“Waiter: I am sorry, we do not have Coke, is Pepsi okay?
Guest: I do not know, is monopoly money okay?”
– viral meme
Same. Same. But different.
Since ever, Coca-Cola, founded in 1886, and PepsiCo, which emerged as Pepsi-Cola in 1898, have engaged in a fierce rivalry, known as the “Cola Wars”. Surprisingly, both were created in pharmacies and were offered as medicine.
Fun fact: Coca-Cola even contained cocaine in its early days.
After more than a century, both companies are not only an integral part of our everyday lives but are also popular with investors. They are regarded as figureheads among quality companies because they pay stable dividends, have solid balance sheets and have grown your capital over decades.
Chart 1: Pepsi ($PEP) & Coca-Cola ($KO) vs. the S&P 500 ($SPX) since 1988

While Coca-Cola has remained steadfast in its commitment to soft drinks such as Coke, Fanta, and Sprite, PepsiCo has diversified its revenue streams.
Today, approximately half of PepsiCo’s earnings are derived from an assortment of snacks, including beloved brands like Doritos and Cheetos. This strategic move was born out of the realization that PepsiCo would always play second fiddle in the soft drink race.
After all, who has ever heard someone ask, “May I have a Pepsi, please?” while casually dining at a restaurant?
The undefeatable power of Coca-Cola’s brand has been immortalized in countless memes. My favorite is even this week’s quote.
Now, in their tireless pursuit of higher profits, both companies are setting their sights on a high-growth niche within the beverage market. And as yesterday’s quarterly results on July 13 made clear, Pepsi is reaping the fruits of a very smart decision.
They copied Coca-Cola…
Growth in an energy-charged niche
In August 2014, Coca-Cola made a farsighted decision.
It acquired a 16.7% stake in Monster Beverage, a US energy drink producer, and seized control of its global distribution. Hardly any company globally has developed better. The energy drinks segment is highly profitable and grows 3-4x faster than the general soft drinks market.
Over the past 20 years, Monster has compounded at a remarkable 43% annually.
To put this into perspective, your $1,000 investment in the company twenty years ago would now be worth over $1’300’000. Mind-boggling!
Chart 2: Energized: Monster Beverage Annual Sales in $ bn

But what if there exists a Monster 2.0?
Enter Celsius Holdings.
Celsius aims to dethrone Red Bull and Monster Beverage as the energy drink leader.

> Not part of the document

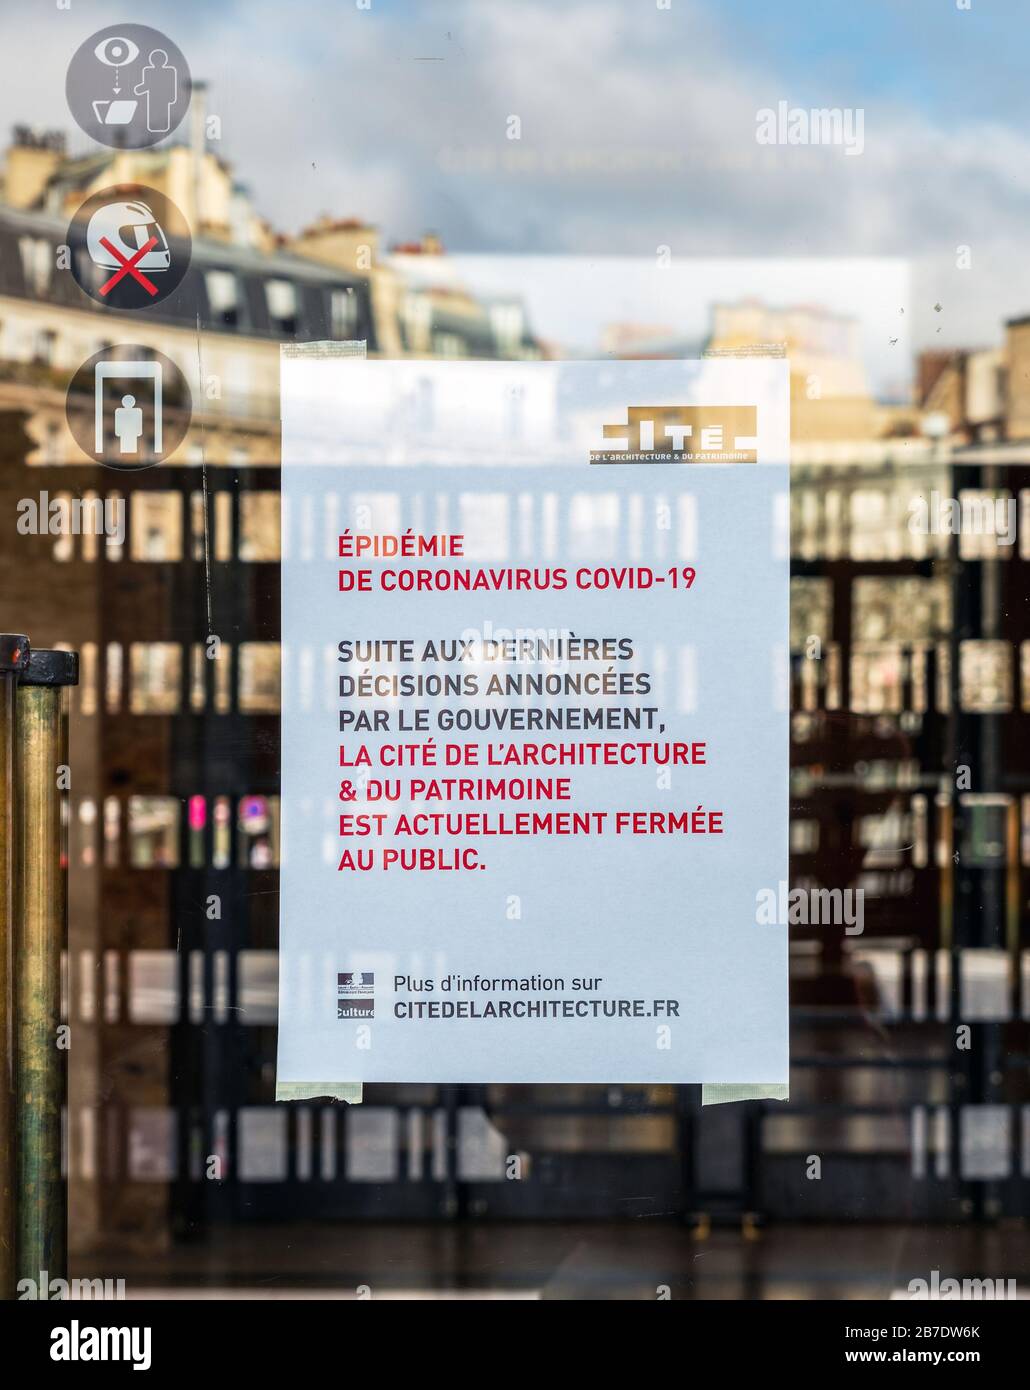 Palais de chaillot closed because of Coronavirus epidemic - Paris, France Stock Photo

Their promise includes muscle building, reduced body fat, and a long-lasting energy boost that allegedly helps burn calories.
On the one hand, Coca-Cola has agreed with Monster Beverage not to enter the energy drink market with any other product.
On the other hand, if you copied their proof-of-concept, that would be a great deal for Pepsi x Celsius, wouldn’t it?
Sure deal.
In August 2021, PepsiCo acquired 9% of Celsius and took over their distribution.
Finger on the Pulse of Time
Celsius has made remarkable strides in the US market, gaining market share from both Monster (37.4%) and Red Bull (35.1%).
Why is that?
This success can be attributed to a shift in consumer lifestyle, a rise in preference for healthy dietary practices, and an increase in health-conscious individuals.
Celsius positions itself as a poster child for these trends.
Chart 3: Celsius Market Share Expectations in the US

Their flagship drinks contain seven vitamins, are sugar-free, and free from high fructose corn syrup, artificial colors, and flavors. Additionally, Celsius strategically collaborates with brand ambassadors and influencers on social media to stay in tune with current fitness demands.
After conquering the US, Celsius recently reached Europe and is now available in select stores, including Switzerland. Of course, as avid followers of the soft and energy drink market, we could not resist taking a research trip to Migros (no affiliation).
Chart 4: Our yield from Migros Stadelhofen at arvy’s field trip

arvy’s takeaway: The eternal battle between Coca-Cola and PepsiCo, driven by fierce competition, takes on a new dimension in an increasingly lucrative market segment. With Coca-Cola offering both a proof-of-concept and a copy-paste opportunity, PepsiCo’s deal with Celsius is a stroke of genius. Once again, an exciting journey unfolds, where captivating stories converge with lucrative investment opportunities for PepsiCo and investors alike. Now it is in the hands of Pepsi x Celsius to deliver in the coming years – time will tell.